Doubt in Effectiveness of EMV Technology and IT Security Tools in General
With the adoption of the EMV technology across Europe, levels of “card present” (CP) fraud dropped off significantly and remained commensurate with rates of “card present fraud” rates in the US. Unlike Europe, the popularity of internet shopping in the US led to more prominent “card not present” fraud prior to (approximately) 2013. Just a few years ago, EMV technology seemed unnecessary in this country. While instances of credit card cloning and “card not present” (CNP) fraud seem to be rising in recent years, consumers are also plagued by fears of exposure due to numerous high profile data breaches at large companies. Americans are keenly aware that personal and financial information on virtually all of us is likely out there somewhere in the wrong hands. Consumers are slowly becoming more aware and somewhat more diligent – but also more wary.
Will EMV Lead to a Significant Drop in Fraud?
Ultimately, EMV technology does not address risks of CNP fraud. US retailers and consumers alike are less than excited about a drastic change that may offer little or no real effect. In 2012, EMV was said to be “just a solution looking for a problem” as CP fraud was seen as a small issue here. As the October 2015 deadline approaches, EMV is seen by some as an expensive solution to just one of many problems.

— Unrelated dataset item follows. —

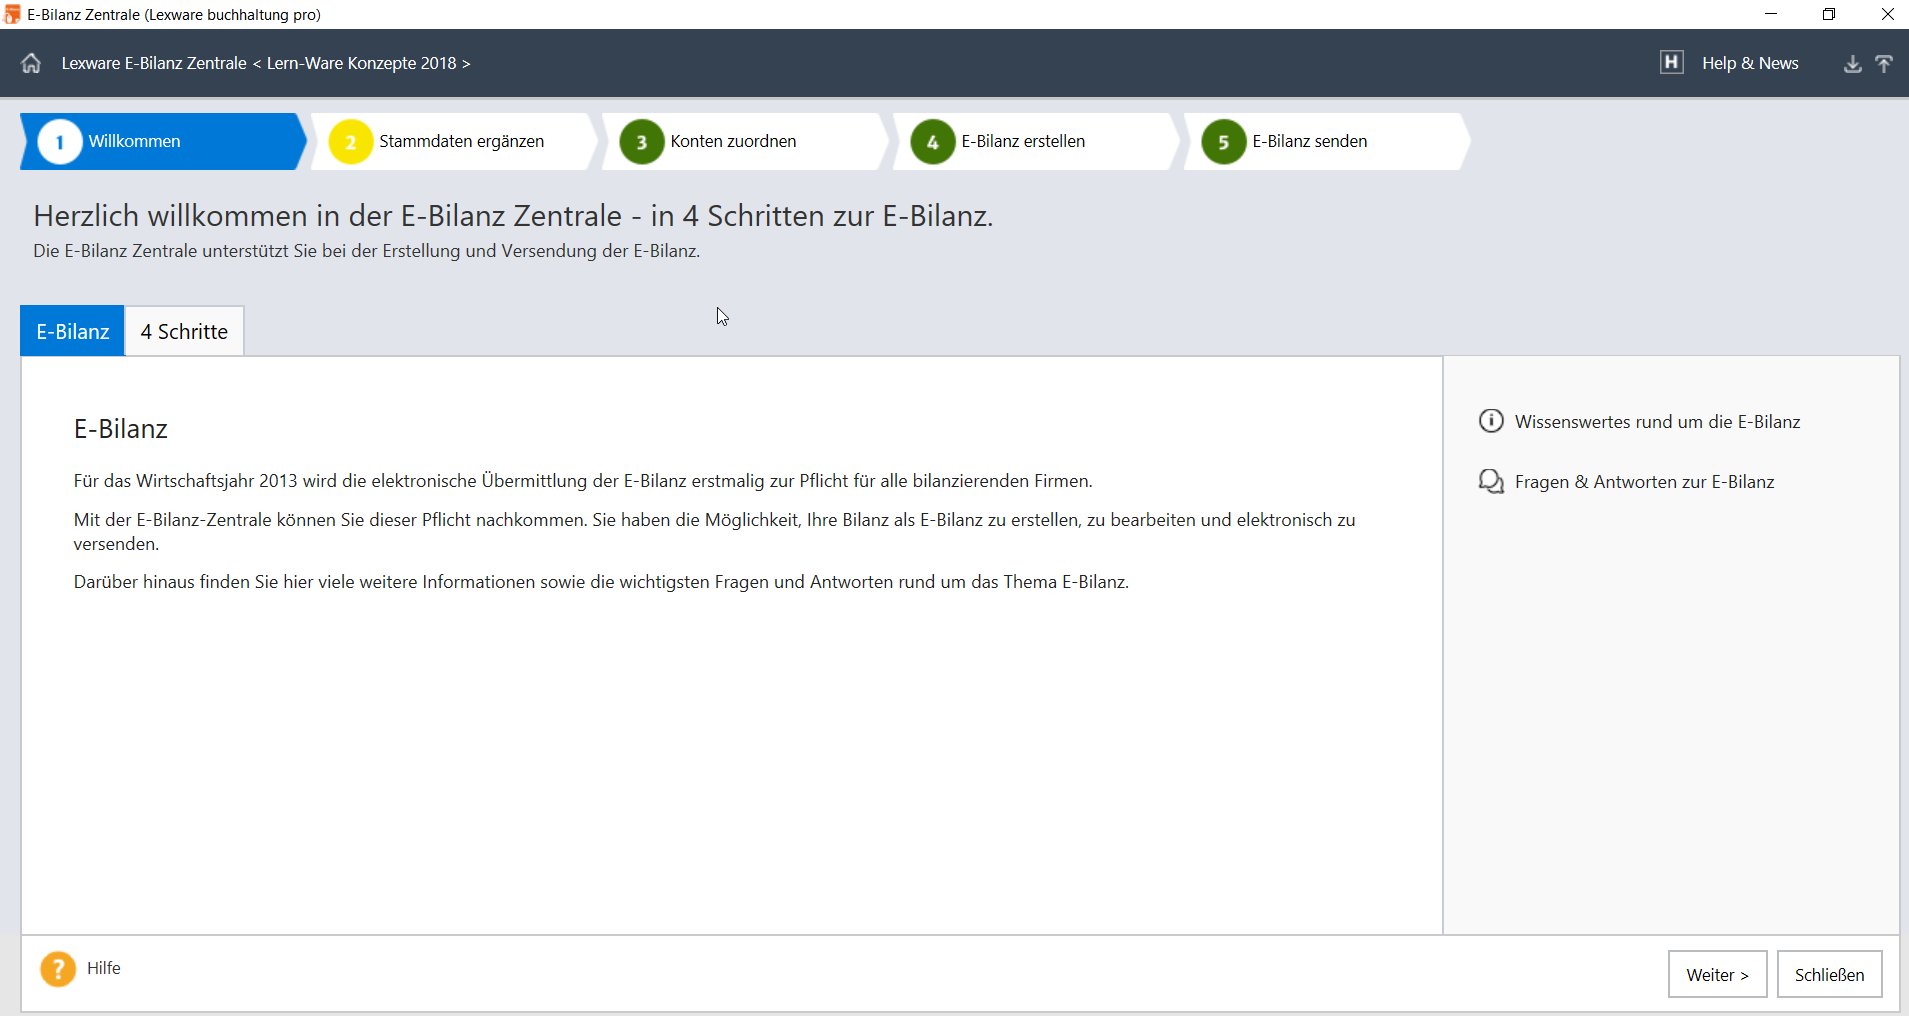 Lern-Ware Lexware Anleitung E-Bilanzerstellung
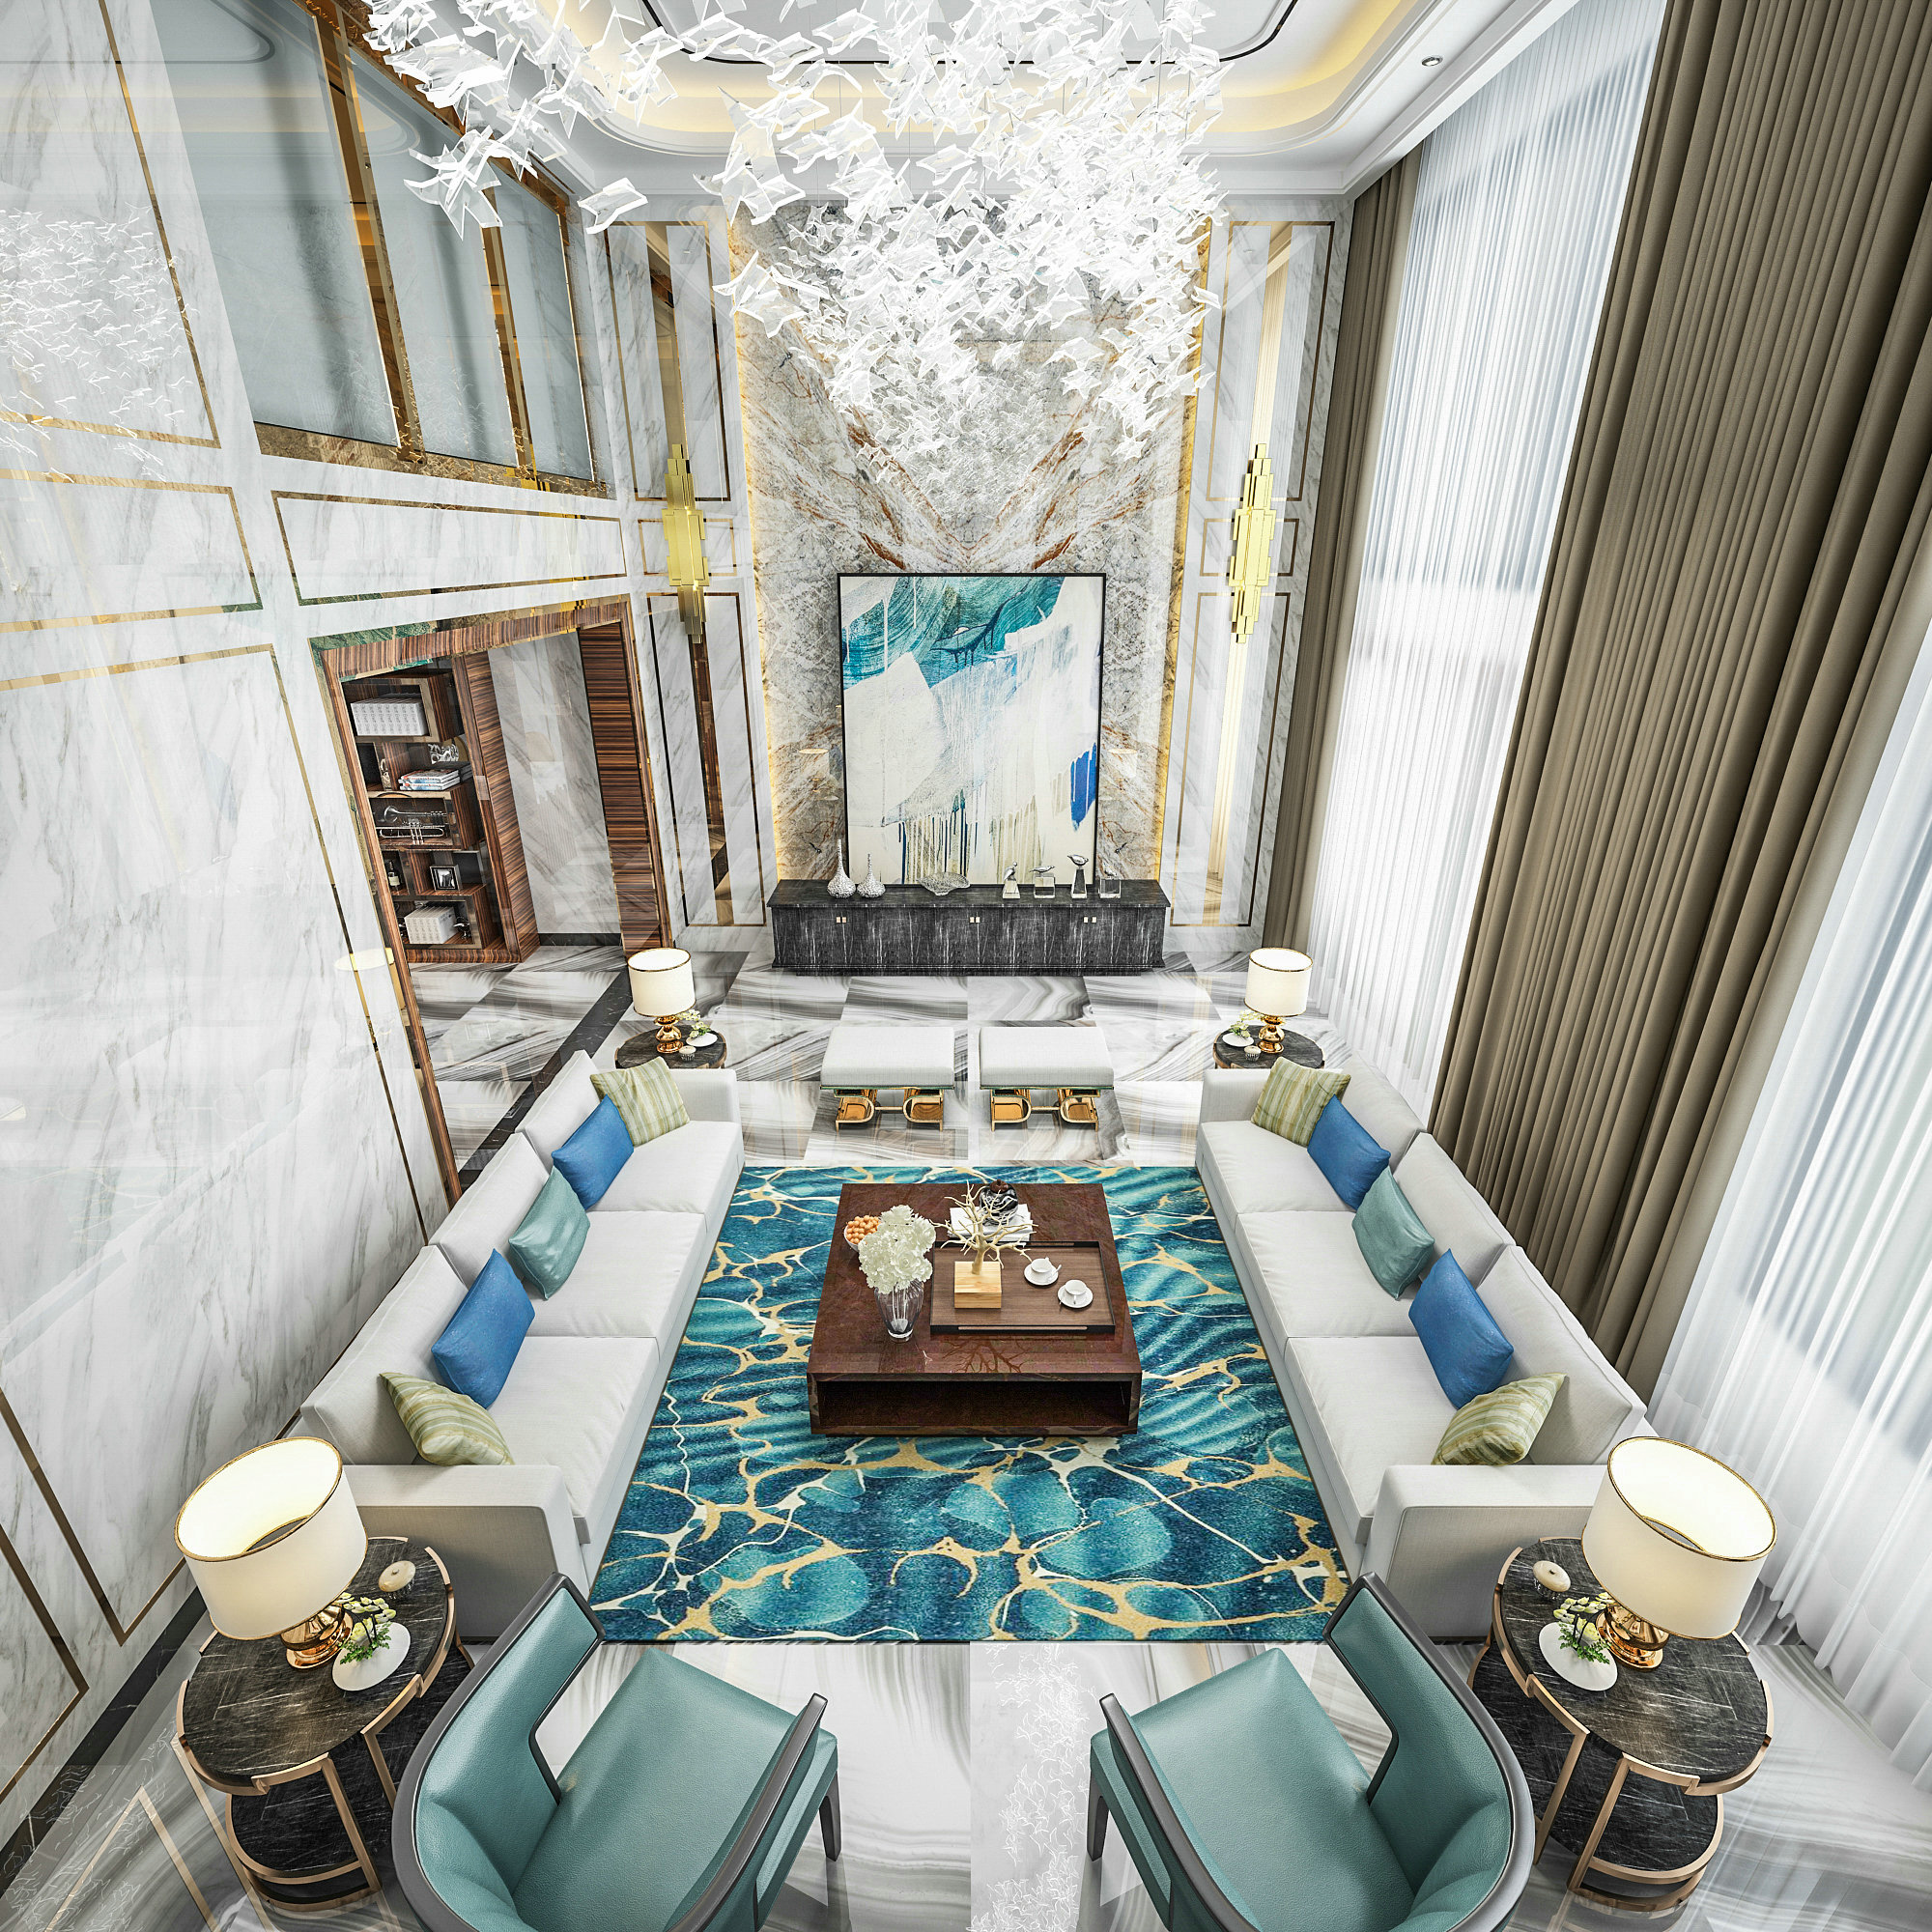 联恒名人世 别墅装修 现代风格 腾龙设计 客厅图片来自孔继民在恒联名人世家别墅装修现代风格的分享

Will this Really Make Our Systems and Data More Secure?
Working with our clients, we are keenly aware that to confidently seek IT Security funding and create a forward-thinking strategy, expenditures and activities must be prioritized to get clients the most “bang for their buck” in what we recommend. A detailed cost-benefit risk analysis can point a company to the most effective and most critical areas of their security strategy and help overcome reluctance that comes from uncertainty.
In late 2014, the rate of EMV technology adoption increased significantly around the world (including in Canada, Latin America and in the Caribbean) but still lags behind here in the US. As the October 1 deadline comes and goes, it is apparent that swipe-and-sign cards are still very much part of transactions here in the US for most merchants and banks. Whether the EMV tools are going to become the standard and this push is ultimately successful will depend on how well and how quickly the questions of cost, demand, and confidence can be answered for companies and consumers. Similarly, if we are going to effectively combat cyber-crime and improve IT Security, these same issues must be addressed within our companies.